Firmware glitch affects Trimble NetRS Receivers on 31 October, 2010
Trimble Engineering has traced the bug to an uptime counter that mistakenly pointed to linux system time, causing a crash when this number reaches a critical level. The recurrence interval of the crash is approximately 6.8 years: the next one will occur on 20 August, 2017 at 14:14:15 UTC.
Firmware version 1.3-1 was released in January, 2011 to fix the problem.
At 01:56 UTC on 31 October a bug affected the entire worldwide population of Trimble NetRS GPS receivers with firmware versions of 1.2-0 and higher. Firmware versions 1.1-5 and earlier did not appear to be affected.
All NetRS operators are encouraged to check that their continuously operating receivers have been functioning normally since then, as a small percentage may require restarts to restore full function; in most cases this can be done remotely through the web interface.
Any receivers deployed remotely that to not have communications installed should be visited as soon as possible to ensure that they are logging data.
We observed five different ways in which the receivers responded:
1. Graceful on-the-fly recovery:
Error messages were written to system logs, some processed may have crashed but were restarted. Satellite tracking, data logging and system operation continued uninterrupted. Data flow reports for this station set will show 100% for 10/31 and later. These receivers should be fine with no action required. About 25% of the UNAVCO-operated NetRS population exhibited this behavior.
2. System crash and restart without data loss:
Error messages appear in system logs, processes fail with fatal system errors, triggering a restart. The active data files at the time of the restart were preserved and resumed after the restart, so the only data outage was during the period when the receiver was restarting, between 01:56 and 01:59 UTC. Data reports for these stations will show 99% for 10/31 and 100% for 11/1 and 11/2. These receivers should be fine with no action required. About 40% of the UNAVCO-operated NetRS population exhibited this behavior.
3. System crash and restart with data loss:
Same behavior as (2) above, but the active data files that were being written at the time of the crash were deleted, and new files created after the restart. Daily files from these receivers will begin at 01:59 UTC, and hourly files that began at 01:00 will either be missing or contain a couple of epochs. Hourly files from 00:00 were preserved. Data reports for these stations will show 91% (for daily downloads) or 96% (if they are downloaded hourly) for 10/31, and 100% for 11/1 and 11/2. These receivers should be fine with no action required. About 30% of the NetRS population exhibited this behavior.
4. System stops tracking SV's and logging data but does not restart:
Error messages appear in the system logs, many processes crash, but a restart is NOT triggered. Receiver is left in a state that its web server is accessible, but is not tracking or logging, and data sessions revert to "Pending" instead of active (see the screen shots below for examples). The active data files at the time continue to show as being active in most cases. Data reports for these receivers will show either 8% or zero for 10/31 and zeros for 11/1 and 11/2. THESE STATIONS REQUIRE REBOOTS either via the web interface or by cycling power to resume normal operation.

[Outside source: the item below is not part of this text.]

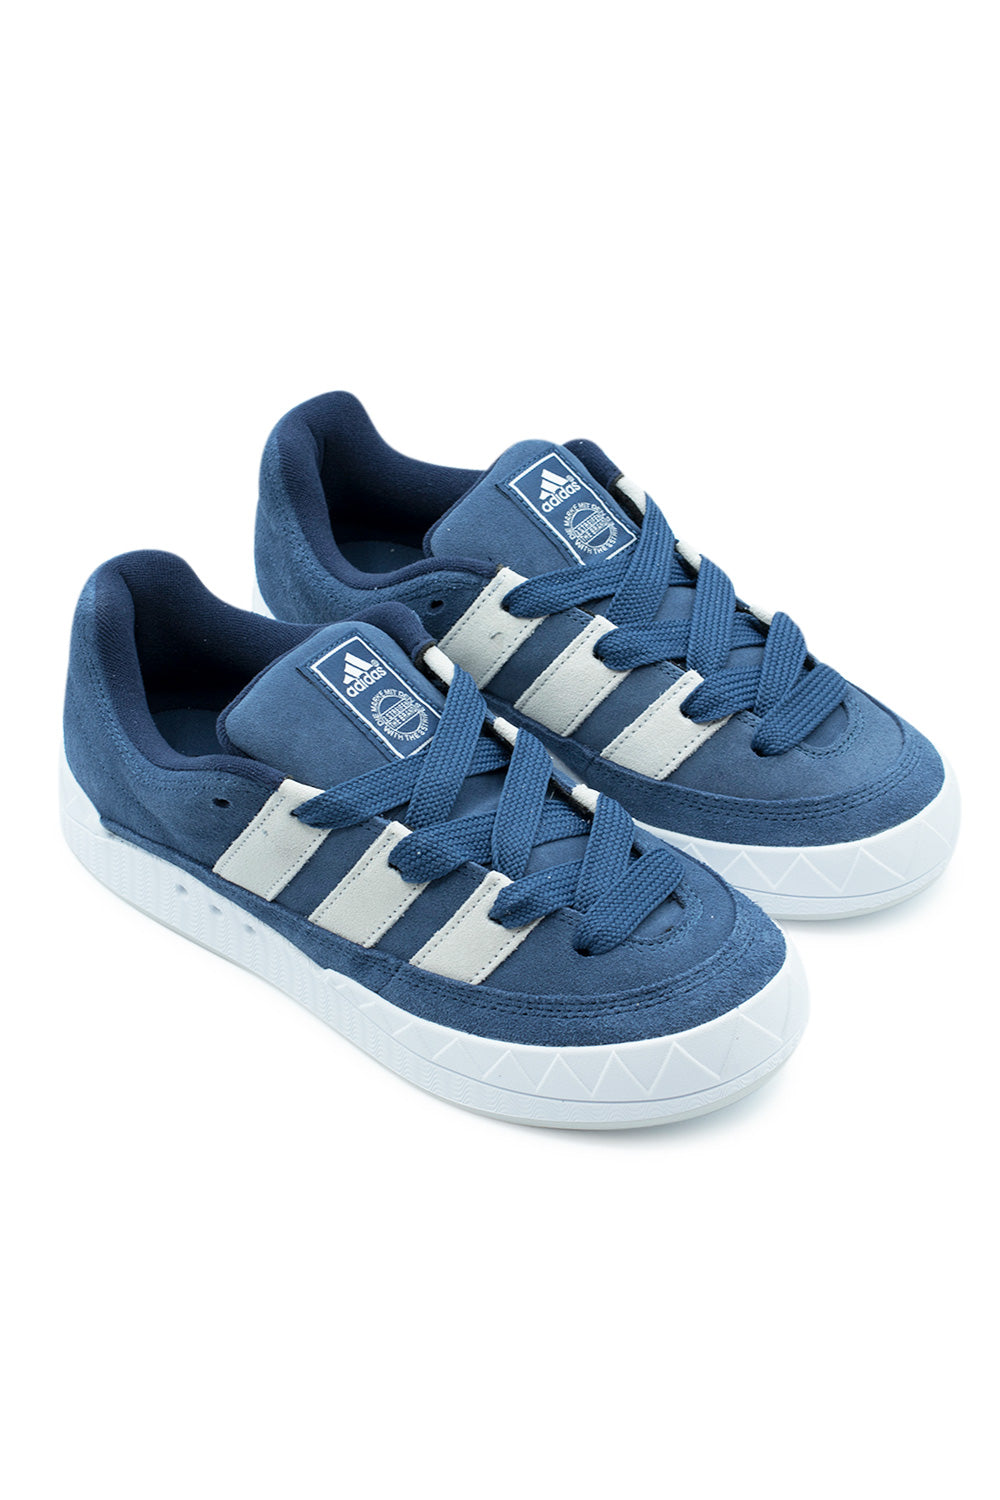 Adidas Adimatic Shoe Night Marine / Crystal White / Night Indigo - BONKERS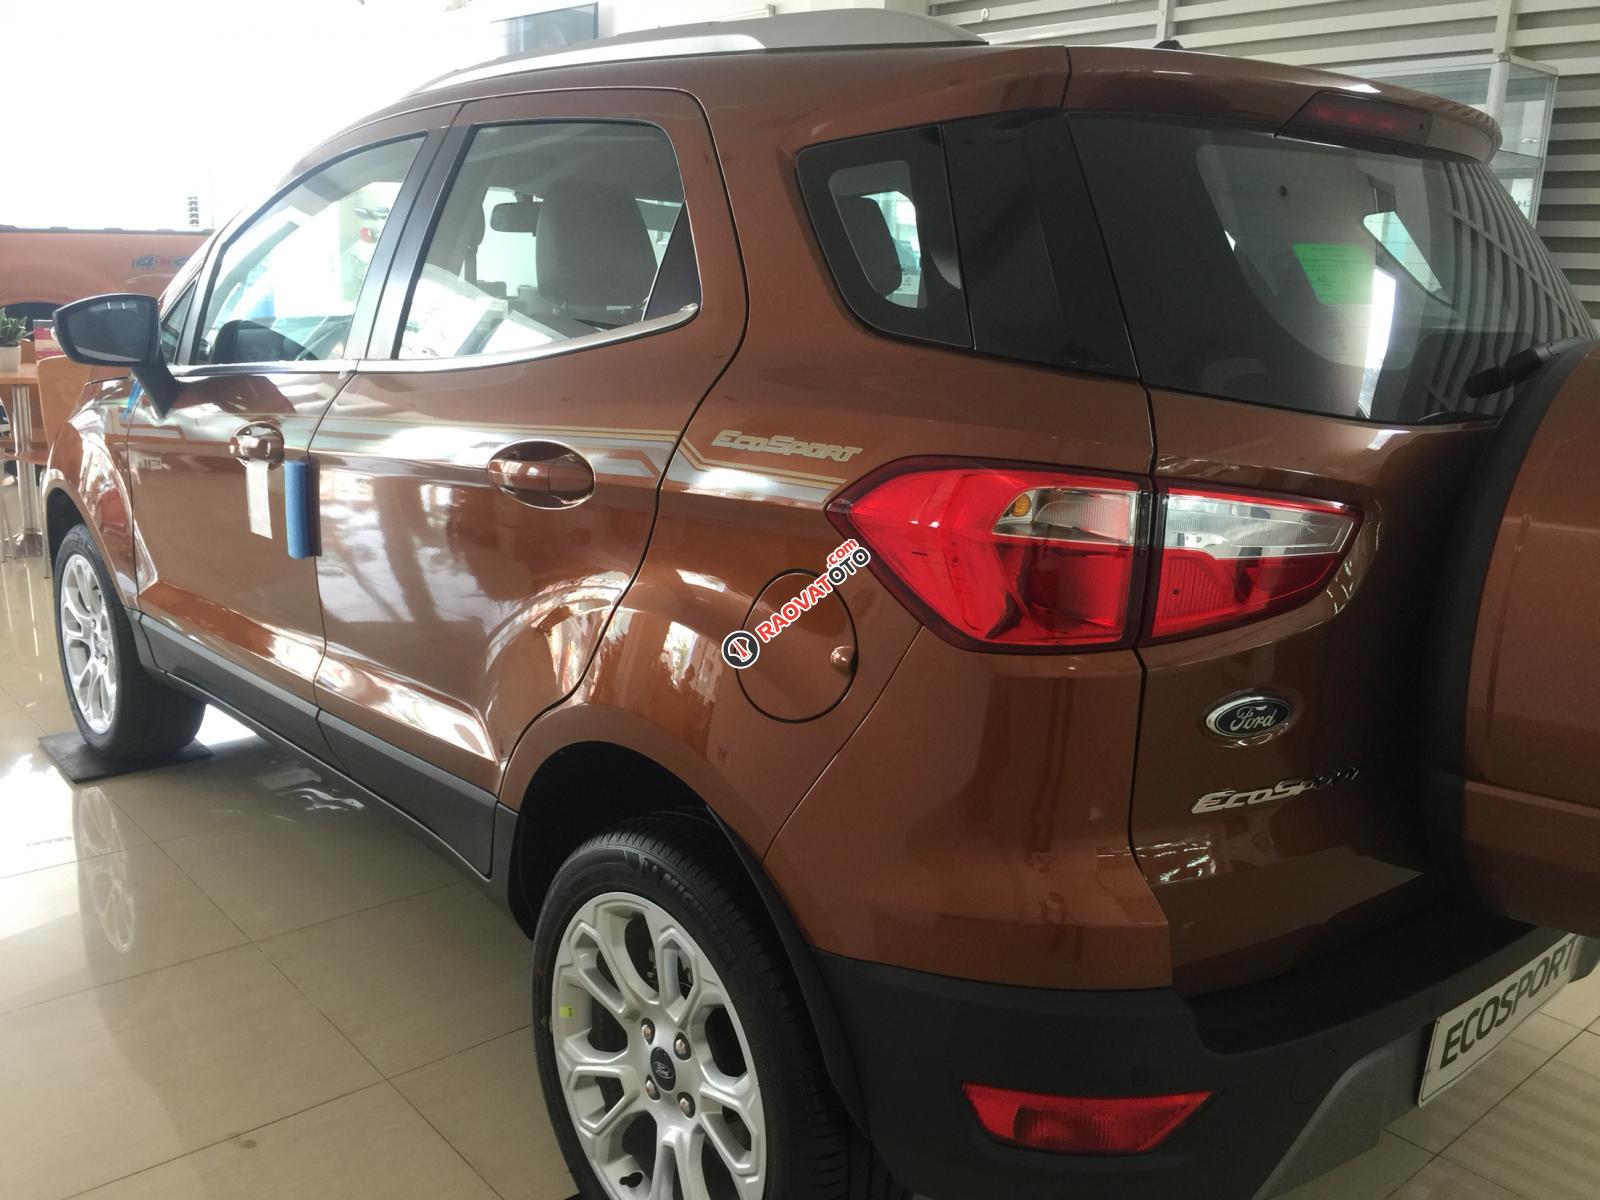 Bán Ford Ecosport 1.5 Titanium 2019 màu đỏ đồng, giảm 53tr, tặng bảo hiểm thân vỏ-3

After the user restarts the receiver the data files from 10/31 have been preserved. About 5% of the UNAVCO-operated NetRS population exhibited this behavior.
If you encounter receivers in this state, go to the "Receiver Configuration -> System Reset" and do a simple restart.
5. System becomes unreachable through ethernet port:
The receiver has lost its network functionality and cannot be contacted through functional communications device such as a cellular modem (you can contact the modem but not the receiver). It is likely that a receiver in this state has also stopped tracking and logging data.
These receivers will need to be visited on-site to verify the state of the receiver, and whether restarting the device by disconnecting and reapplying power will restore normal function. We only documented one total failure on 10/31. <<1% of the UNAVCO-operated NetRS population exhibited this behavior.
There were no obvious patterns as to which receivers exhibited the different responses. The effects were seen in all NetRS receivers with firmware 1.2-0 and newer, regardless of configuration, location, internet connectivity or lack thereof. Even receivers that had not been tracking satellites at the time were affected. Receivers with firmware versions 1.1-5 and earlier do NOT appear to have been affected in any way.